Back to Clickhouse

deltaLake

docs/en/sql-reference/table-functions/deltalake.md

26.4.1.1-new4.2 KB
Original Source

deltaLake table function

Provides a table-like interface to Delta Lake tables in Amazon S3, Azure Blob Storage, or a locally mounted file system, supporting both reads and writes (from v25.10)

Syntax {#syntax}

deltaLake is an alias of deltaLakeS3 which is supported for compatibility.

sql
deltaLake(url [,aws_access_key_id, aws_secret_access_key] [,format] [,structure] [,compression] [,extra_credentials])

deltaLakeS3(url [,aws_access_key_id, aws_secret_access_key] [,format] [,structure] [,compression] [,extra_credentials])

deltaLakeAzure(connection_string|storage_account_url, container_name, blobpath, [,account_name], [,account_key] [,format] [,compression_method])

deltaLakeLocal(path, [,format])

Arguments {#arguments}

The arguments for this table function are the same as for the s3, azureBlobStorage, HDFS and file table functions respectively. The format argument stands for the format of data files in the Delta lake table.

An optional extra_credentials parameter can be used to pass a role_arn for role-based access in ClickHouse Cloud. See Secure S3 for configuration steps.
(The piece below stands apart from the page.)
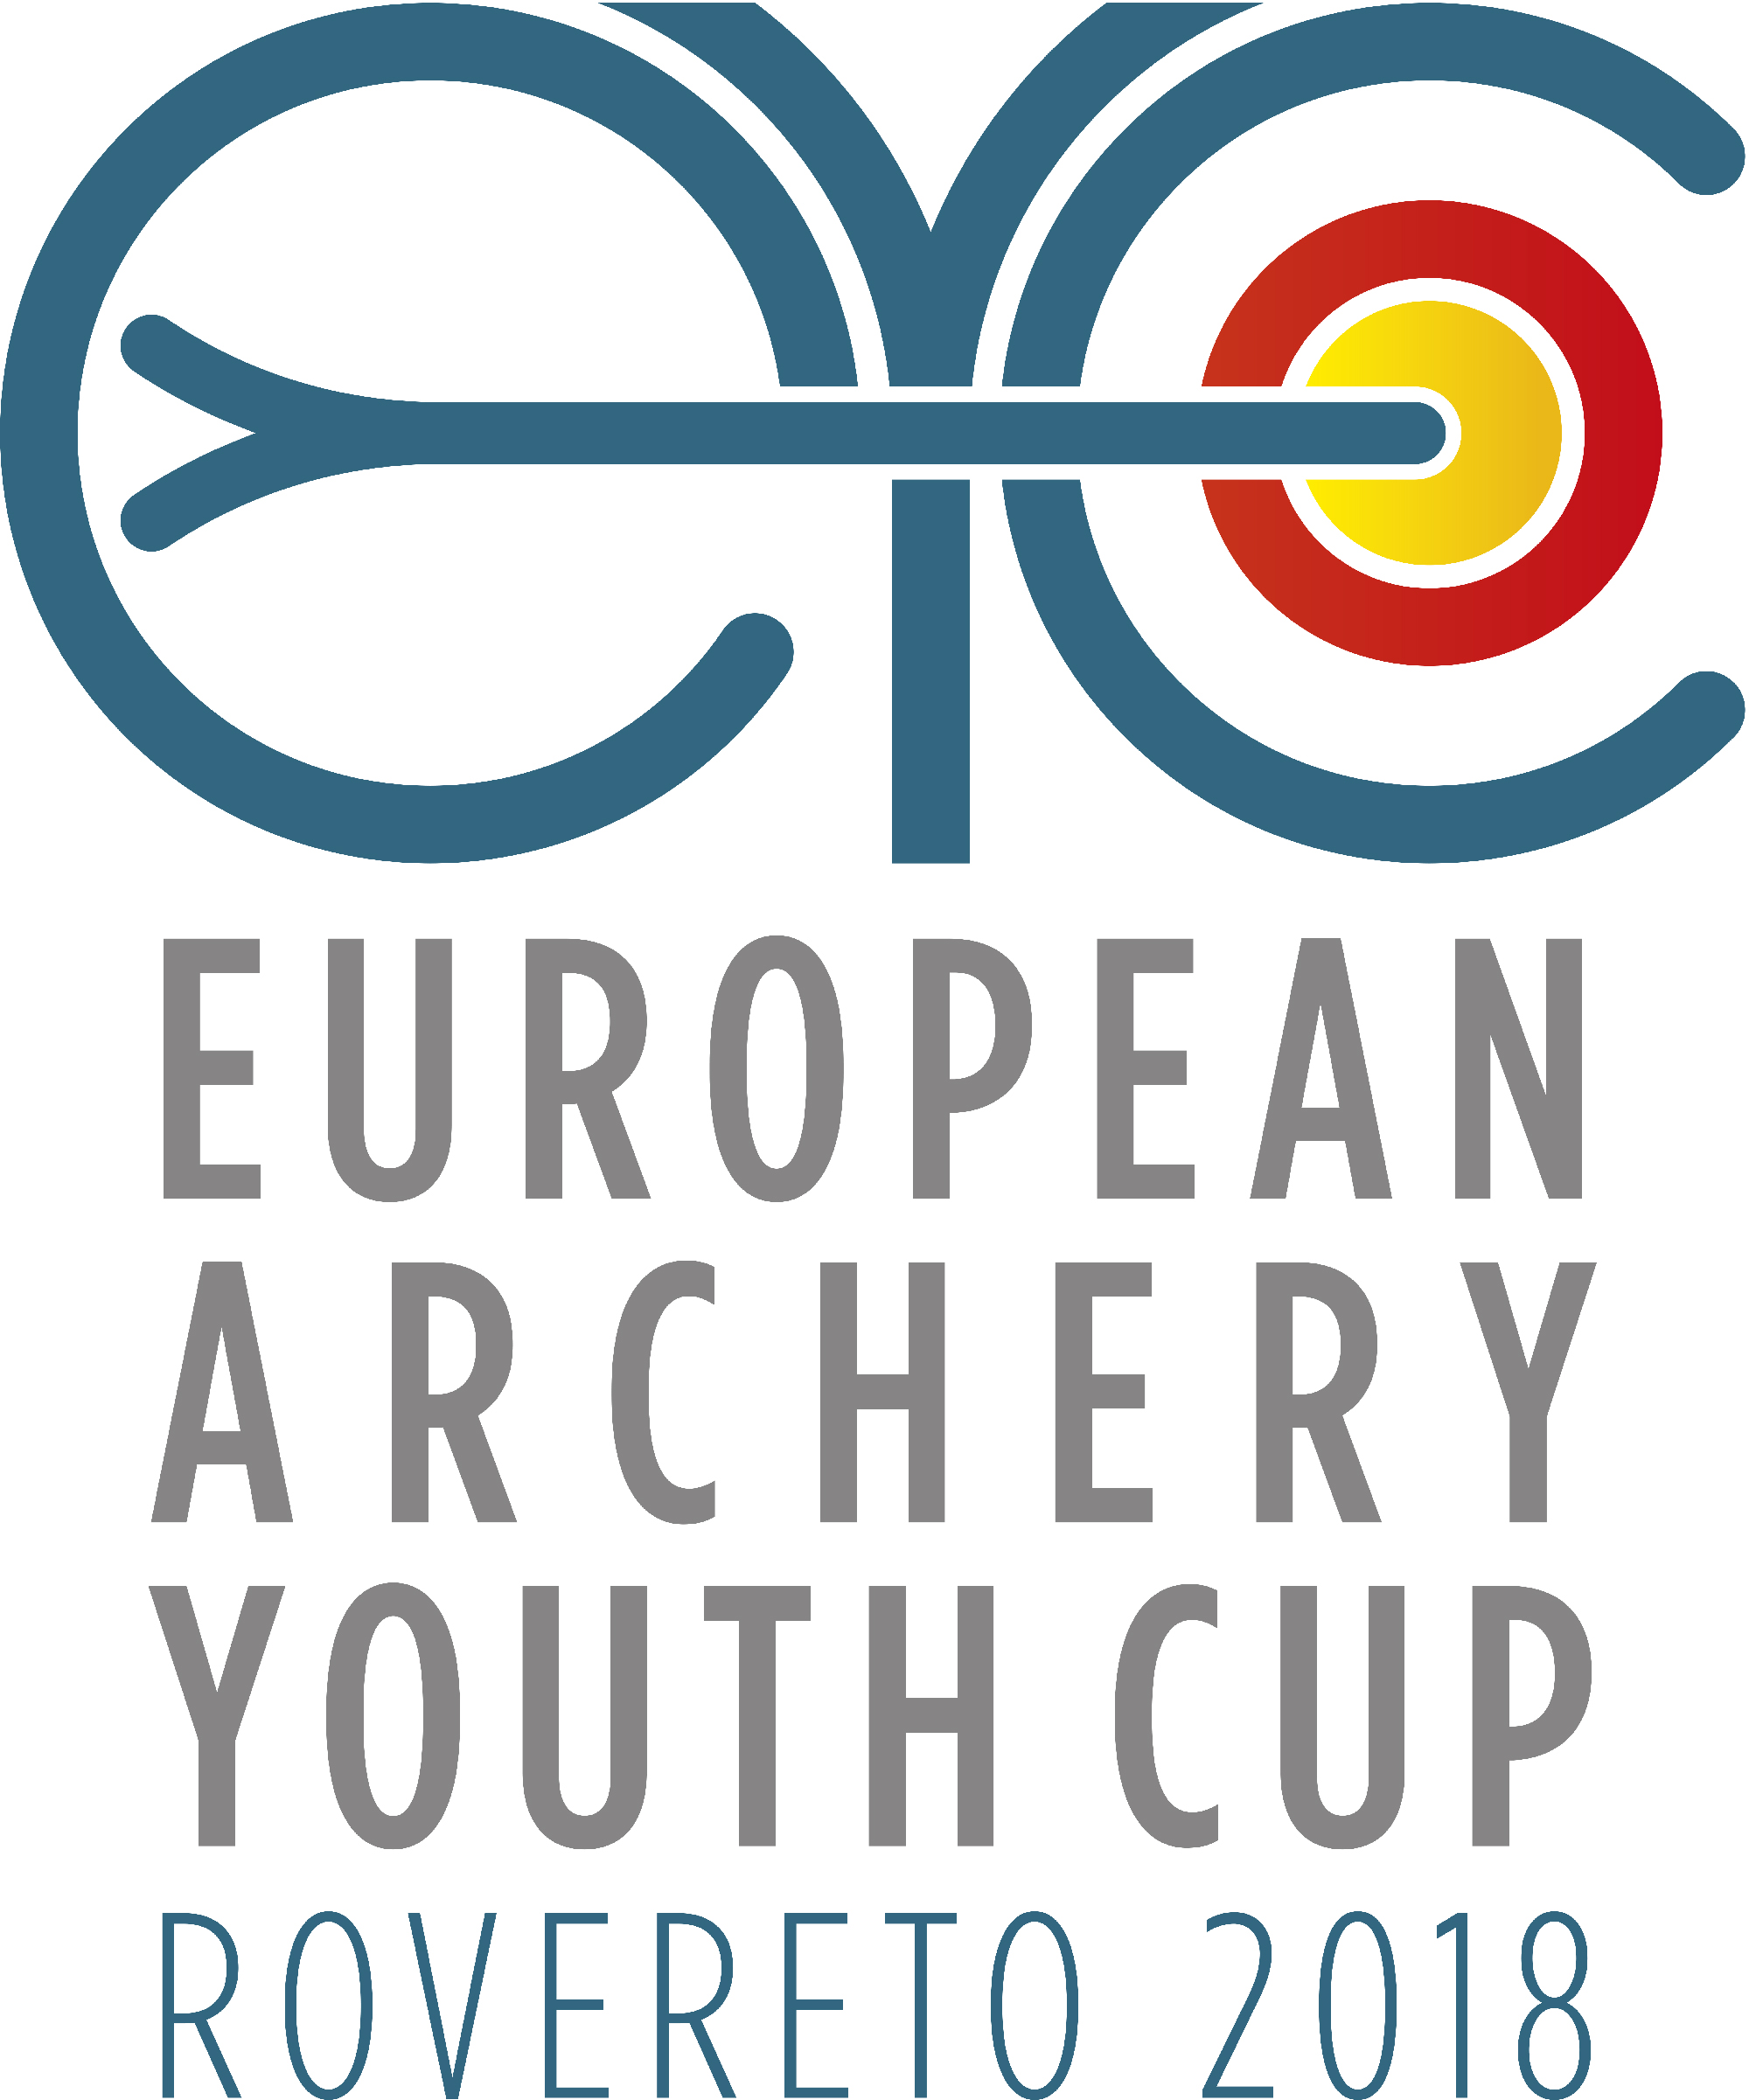 European Archery Youth Cup - 1st Leg

Returned value {#returned_value}

Returns a table with the specified structure for reading or writing data from/to the specified Delta Lake table.

Examples {#examples}

Reading data {#reading-data}

Consider a table in S3 storage at https://clickhouse-public-datasets.s3.amazonaws.com/delta_lake/hits/. To read data from the table in ClickHouse, run:

sql
SELECT
    URL,
    UserAgent
FROM deltaLake('https://clickhouse-public-datasets.s3.amazonaws.com/delta_lake/hits/')
WHERE URL IS NOT NULL
LIMIT 2
response
┌─URL───────────────────────────────────────────────────────────────────┬─UserAgent─┐
│ http://auto.ria.ua/search/index.kz/jobinmoscow/detail/55089/hasimages │         1 │
│ http://auto.ria.ua/search/index.kz/jobinmoscow.ru/gosushi             │         1 │
└───────────────────────────────────────────────────────────────────────┴───────────┘

Inserting data {#inserting-data}

Consider a table in S3 storage at s3://ch-docs-s3-bucket/people_10k/. To insert data into the table, first enable the experimental feature:

sql
SET allow_experimental_delta_lake_writes=1

Then write:

sql
INSERT INTO TABLE FUNCTION deltaLake('s3://ch-docs-s3-bucket/people_10k/', '<access_key>', '<secret>') VALUES (10001, 'John', 'Smith', 'Male', 30)
response
Query id: 09069b47-89fa-4660-9e42-3d8b1dde9b17

Ok.

1 row in set. Elapsed: 3.426 sec.

You can confirm the insert worked by reading the table again:

sql
SELECT *
FROM deltaLake('s3://ch-docs-s3-bucket/people_10k/', '<access_key>', '<secret>')
WHERE (firstname = 'John') AND (lastname = 'Smith')
response
Query id: 65032944-bed6-4d45-86b3-a71205a2b659

   ┌────id─┬─firstname─┬─lastname─┬─gender─┬─age─┐
1. │ 10001 │ John      │ Smith    │ Male   │  30 │
   └───────┴───────────┴──────────┴────────┴─────┘

Virtual Columns {#virtual-columns}

  • _path — Path to the file. Type: LowCardinality(String).
  • _file — Name of the file. Type: LowCardinality(String).
  • _size — Size of the file in bytes. Type: Nullable(UInt64). If the file size is unknown, the value is NULL.
  • _time — Last modified time of the file. Type: Nullable(DateTime). If the time is unknown, the value is NULL.
  • _etag — The etag of the file. Type: LowCardinality(String). If the etag is unknown, the value is NULL.